Instructions for the task
Although the entries contain pictures, return everything else in them verbatim and omit the pictures.

Source records

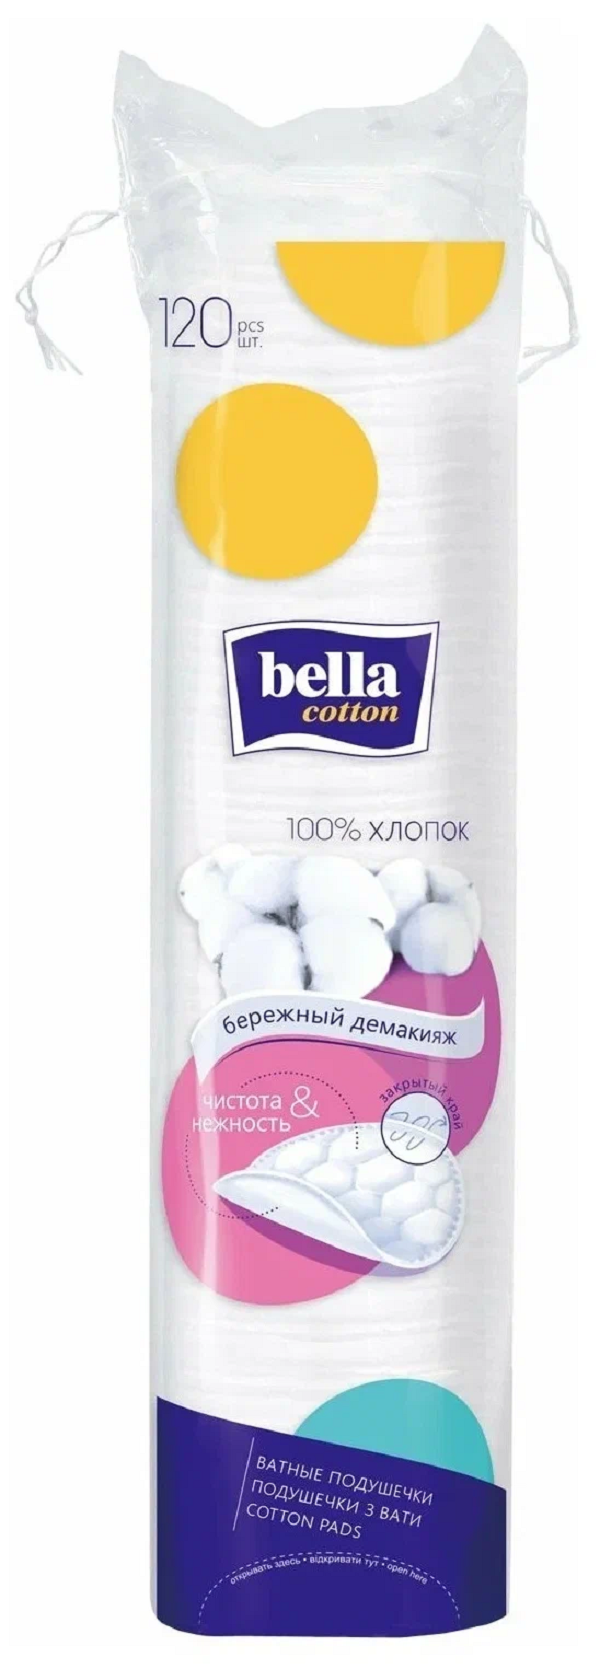 Диски ватные Bella Cotton хлопок, 120 шт. lp care диски ватные pure cotton с добавлением ионов серебра 120
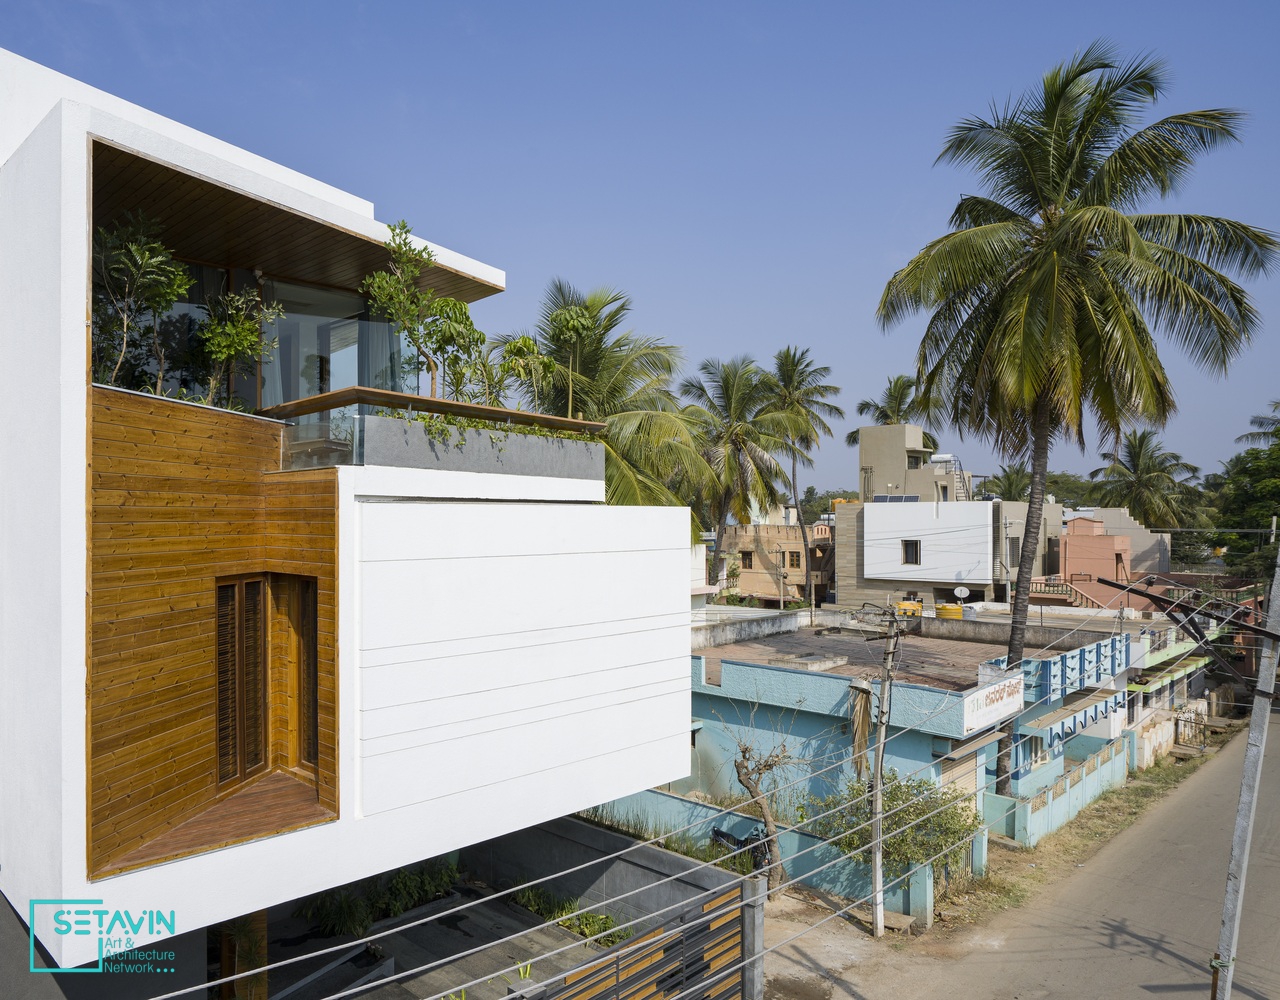 مجتمع اقامتی Gauribidanur اثر تیم معماری Cadence ،هند
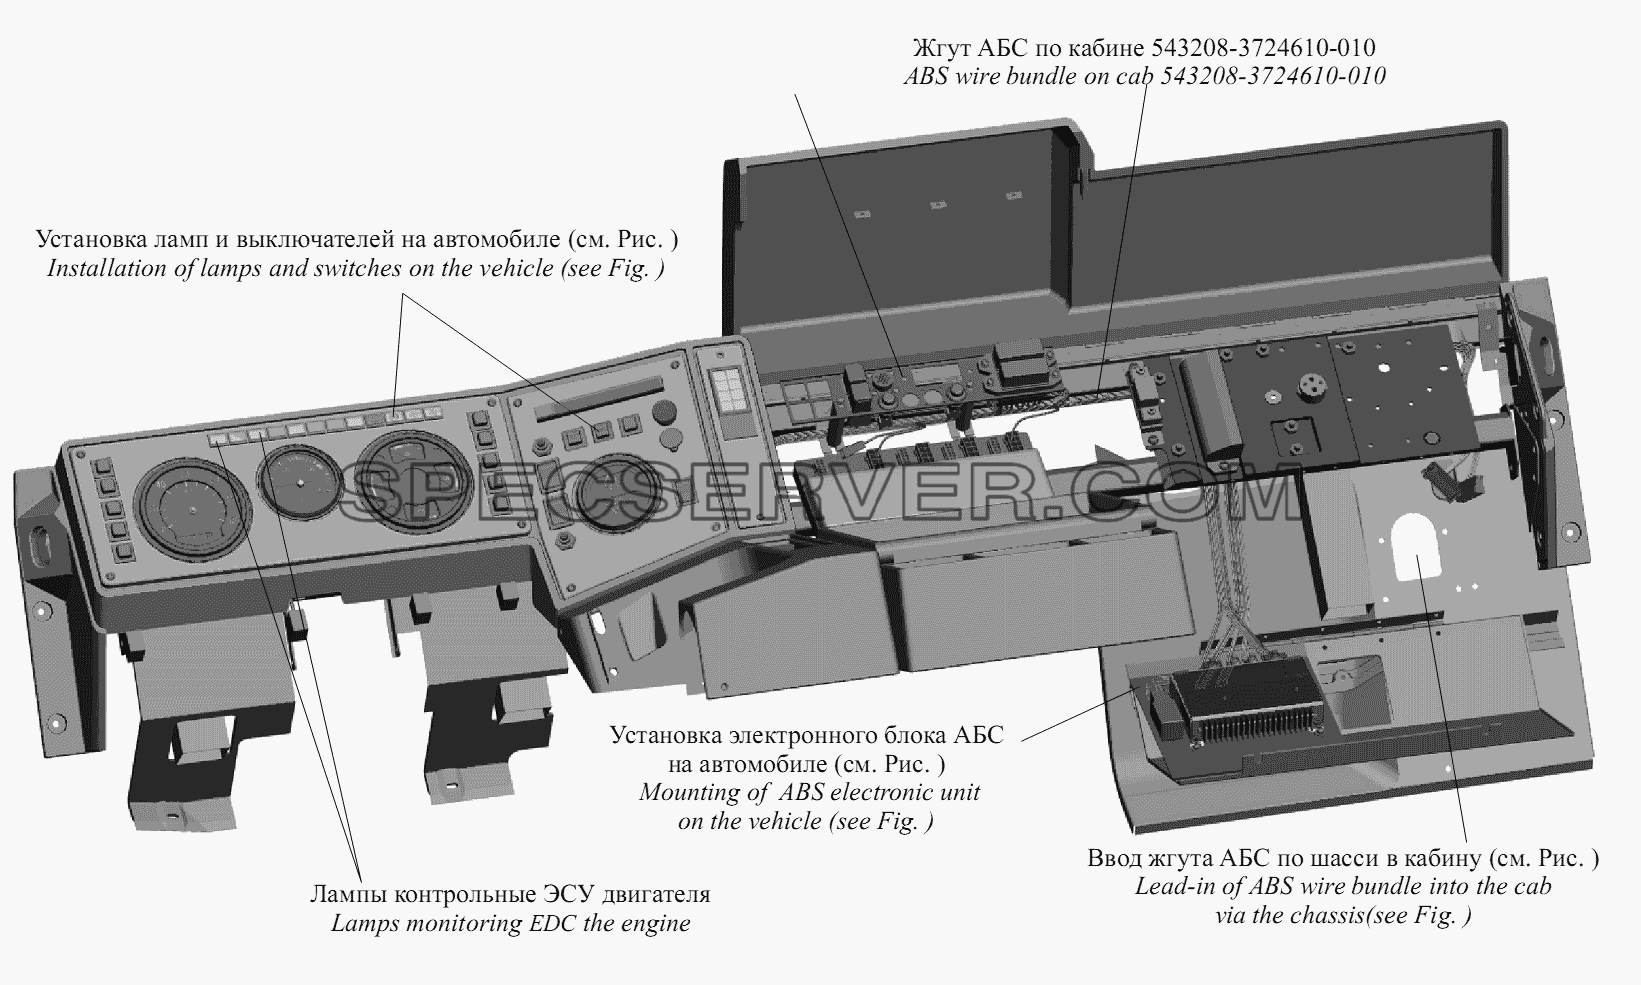 Расположение элементов системы АБС в кабине автомобиля 543208-3700120-020 для МАЗ-6422, 5432 (список запасных частей)
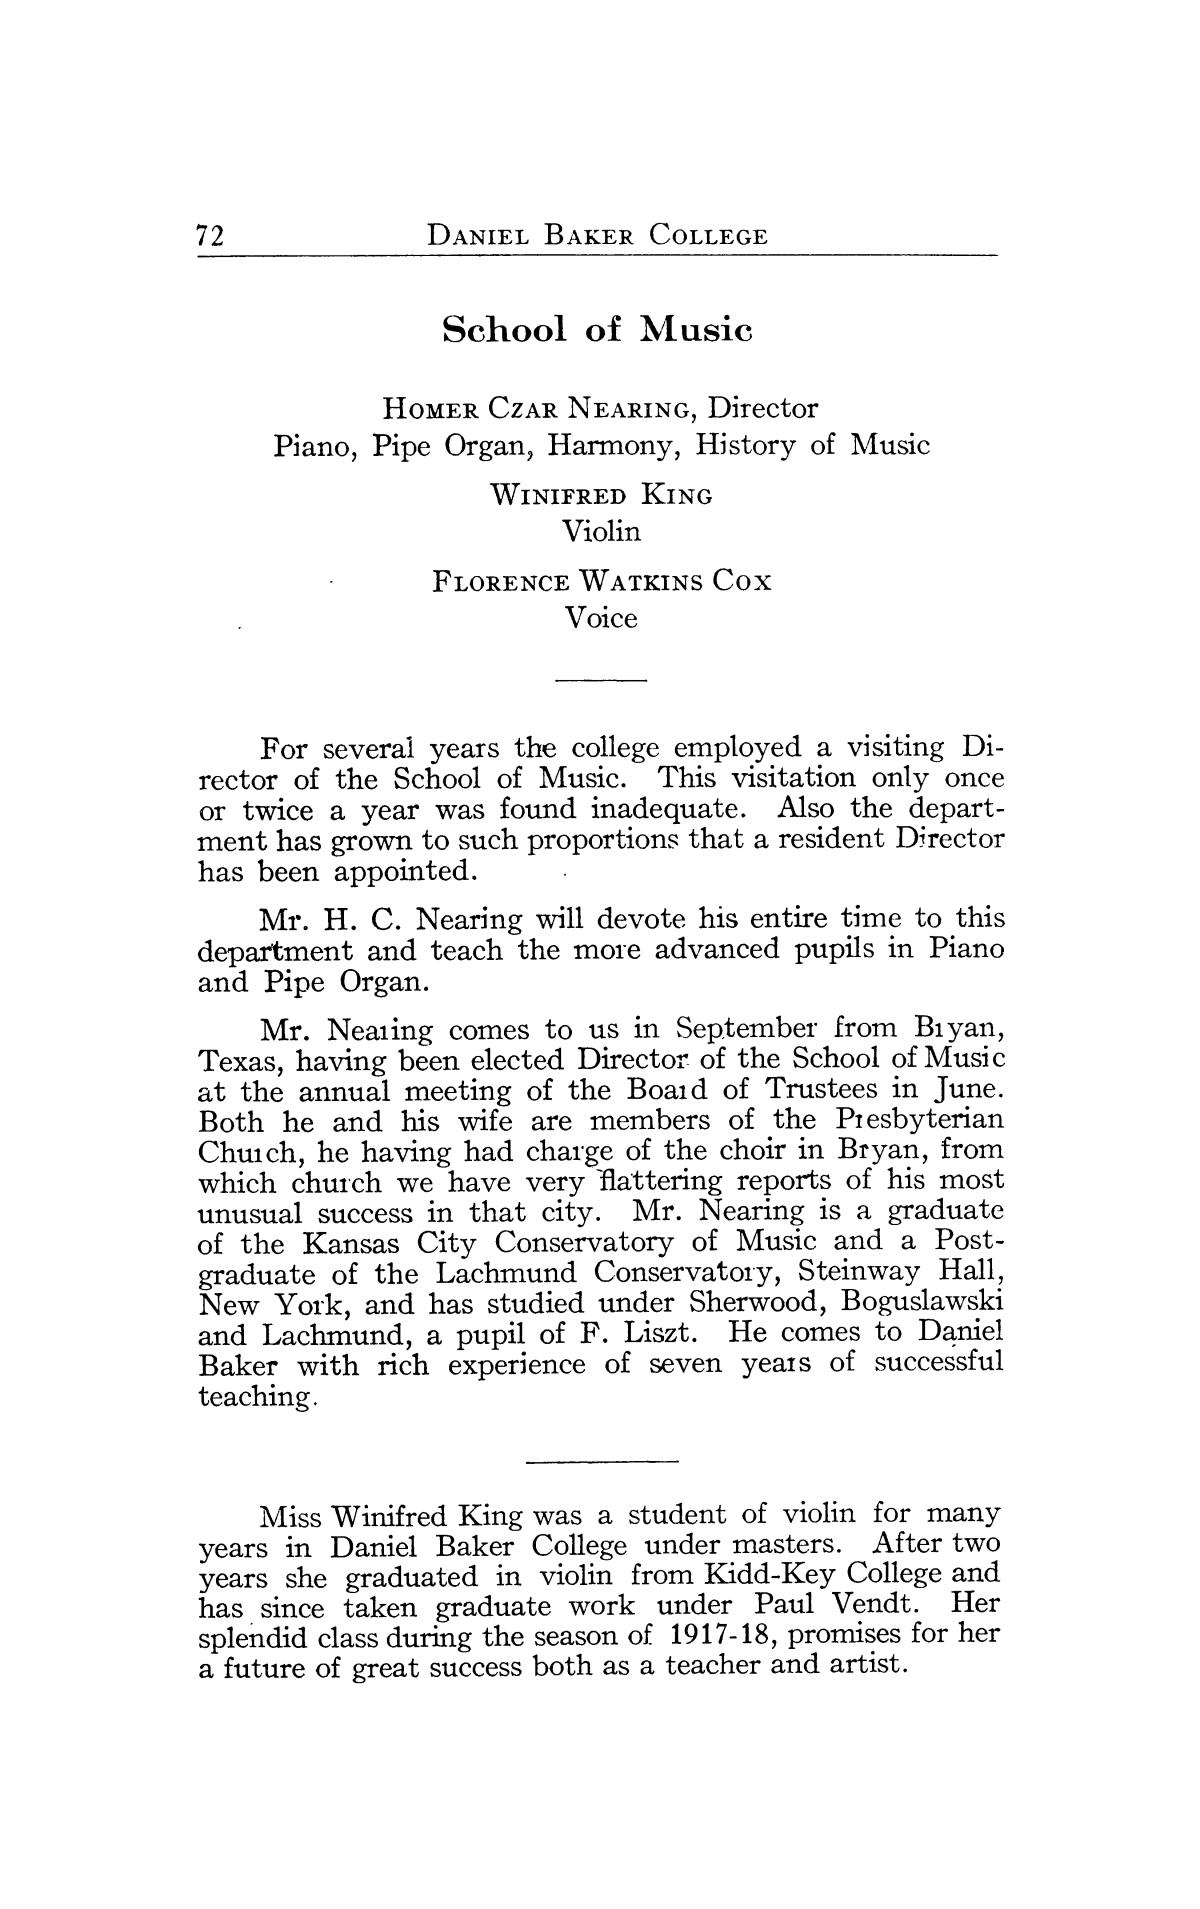 Catalog of Daniel Baker College, 1917-1918
                                                
                                                    72

Task answer
 Диски ватные Bella Cotton хлопок, 120 шт. lp care диски ватные pure cotton с добавлением ионов серебра 120
 مجتمع اقامتی Gauribidanur اثر تیم معماری Cadence ،هند
 Расположение элементов системы АБС в кабине автомобиля 543208-3700120-020 для МАЗ-6422, 5432 (список запасных частей)
 Catalog of Daniel Baker College, 1917-1918
                                                
                                                    72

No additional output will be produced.